Spanish government bonds advanced, pushing the 10-year yield down almost 17 basis points to 5.89 percent, after Spain sold more than the 3 billion-euro ($3.9 billion) maximum target set at a debt auction today. The euro was little changed at $1.3143 as of 5:01 p.m. in Berlin.
Spanish bond yields touched 6.16 percent yesterday, their highest this year and closer to the 7 percent level that caused its neighbors to seek bailouts. Credit-default swaps signaled a 37 percent chance the euro area’s fourth-biggest economy will default, prompting Spanish officials to call for additional help from the European Central Bank. Economy Minister Luis de Guindos was due to meet ECB President Mario Draghi in Frankfurt today.
“The expectation is that Spain can make it -- while the widening bond spreads we’ve seen should be taken as a warning shot from markets,” Norbert Barthle, the parliamentary budget spokesman for Merkel’s Christian Democratic Union, said by phone today. “There’s no Spanish bailout talk in Berlin.”
Spanish Prime Minister Mariano Rajoy has the capacity to calm financial-market jitters by “sticking to his word on budget savings,” CDU deputy caucus chairman Michael Meister said in a separate interview. Further spending cuts may be necessary to meet budget targets Germany because “we in Germany can accept one revision only.”
Germany faces criticism for its anti-crisis policy of spending cuts from economists such as Nobel laureate Paul Krugman. Spain needs a new remedy to its ills since its story “bears no resemblance to the morality tales so popular among European officials, especially in Germany,” Krugman said yesterday in a New York Times article headlined “Europe’s economic suicide.”
Billionaire investor George Soros told a conference in Berlin last week that Europe’s German-inspired fiscal compact to promote budgetary discipline can’t work in its current format and that the euro is “broken and needs to be fixed.”
“I know the concerns” of Soros, Schaeuble said in his interview. “I don’t share them.”
“I think many haven’t really understood what European integration is,” he said. “It’s something new and that’s something they don’t really understand. We’re creating step by step a common financial policy in addition to the monetary policy we already have. And the fact that we didn’t have this from the start is something he couldn’t really understand.”
Muenster Cathedral Address
Merkel may be propelled by domestic electoral arithmetic to listen to opposition calls to do more to fight the crisis. With support collapsing for her Free Democratic national coalition partner, Merkel’s chances of winning a third term next year might hinge on her willingness to hook up with the Social Democrats in a rerun of her “grand coalition” of 2005-2009. The opposition SPD backs joint euro-area bonds to stop what it calls the “downward spiral” of “eternal rescues.”

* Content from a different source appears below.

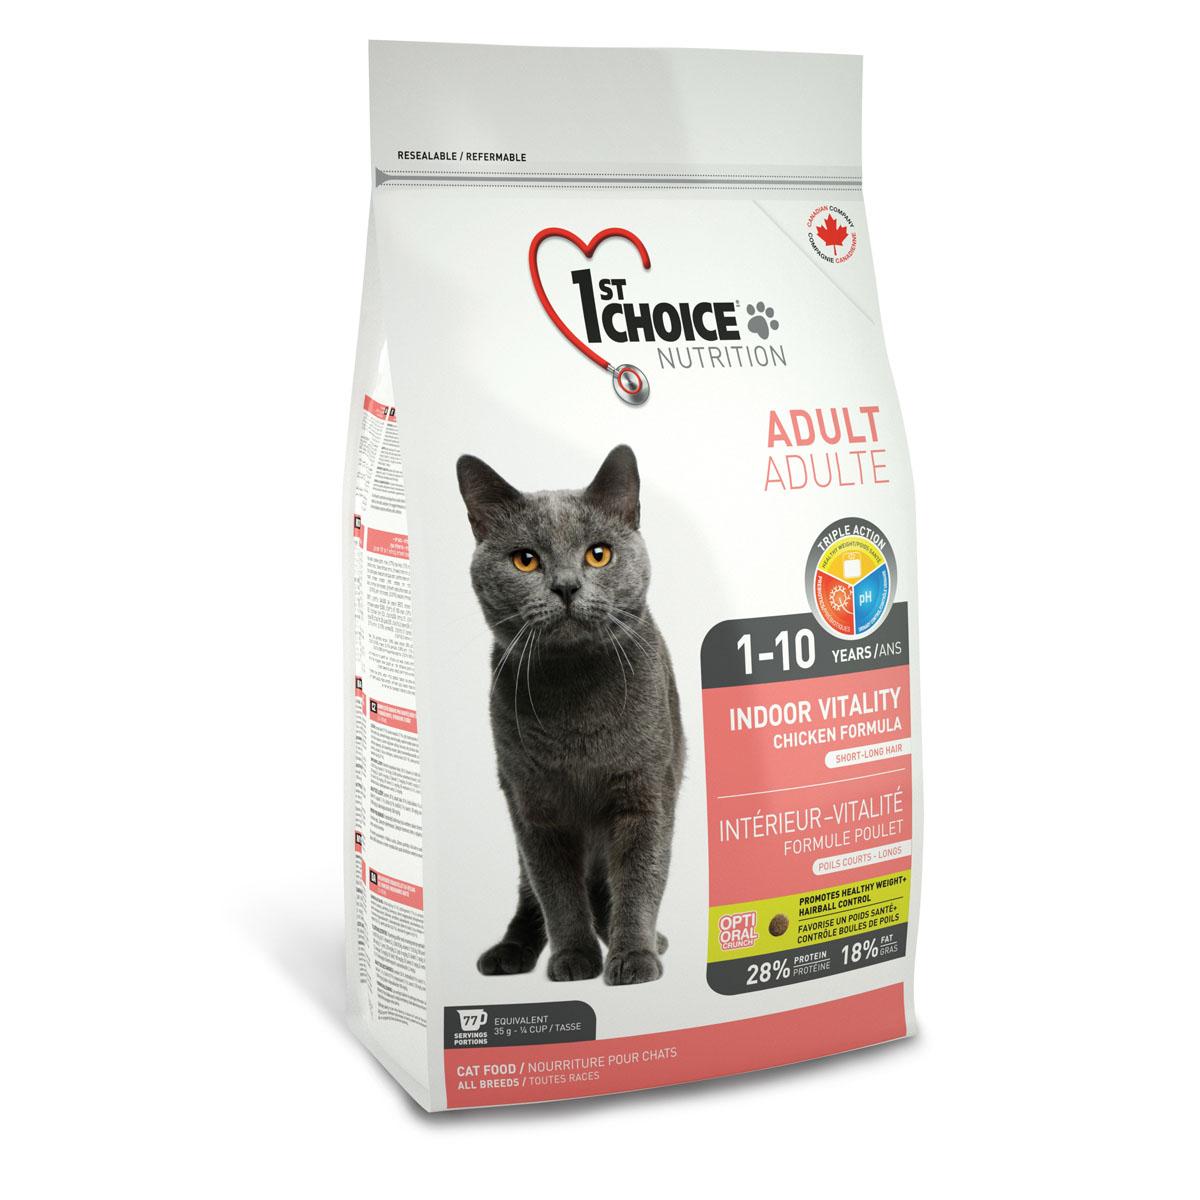 Корм сухой 1st Choice Adult для живущих в помещении взрослых кошек, с курицей, 2,72 кг56665Корм сухой 1st Choice Adult - идеальная формула для домашних кошек со специальными тщательно отобранными ингредиентами. Помогает сохранить идеальную кондицию и оптимальный вес. Идеальный рН-баланс для здоровья мочевыделительной системы. Содержит экстракт юкки Шидигера, которая связывает аммиак и уменьшает запах экскрементов. Состав: свежая курица 17%, мука из мяса курицы 17%, рис, гороховый протеин, куриный жир, сохраненный смесью натуральных токоферолов (витамин Е), мякоть свеклы, коричневый рис, специально обработанные ядра ячменя и овса, сушеное яйцо, гидролизат куриной печени, цельное семя льна, жир лосося, сушеная мякоть томата, клетчатка гороха, калия хлорид, лецитин, кальция карбонат, холина хлорид, соль, кальция пропионат, натрия бисульфат, таурин, DL- метионин, L-лизин, экстракт дрожжей (источник маннан-олигосахаридов), железа сульфат, аскорбиновая кислота (витамин С), экстракт цикория (источник инулина), цинка оксид, натрия селенит, альфа-токоферол ацетат (витамин...

Merkel, addressing CDU supporters yesterday on the square outside Muenster cathedral, did not mention Spain during what was the first of 15 campaign stops in 25 days. Schleswig-Holstein votes on May 6, followed by North Rhine-Westphalia, which with almost a quarter of Germany’s 82 million people is a bellwether for national political fortunes.
The chancellor is campaigning to recapture North Rhine-Westphalia after the Social Democrats took the state from the CDU at a vote in May 2010, days after she backtracked and agreed to a first bailout in Greece. The result deprived Merkel of her majority in the national parliament’s upper house, the Bundesrat, where states are represented.
Polls suggest her party is facing an uphill struggle to win back the state. The Social Democrats lead by 40 percent to the CDU’s 29 percent, an Info poll for Wirtschaftswoche magazine showed on April 14. With the Greens at 10 percent and the Free Democrats at 3 percent, the SPD-Greens coalition government that displaced her bloc in 2010 may be poised to resume power. Info polled 1,005 voters on April 4-7. No margin of error was given.
Voters in the state face a choice between “living on borrowed money” and “a good future for you and your children” that requires reducing debt, Merkel said. Differences over the importance of cutting debt are “the focus” of the campaign.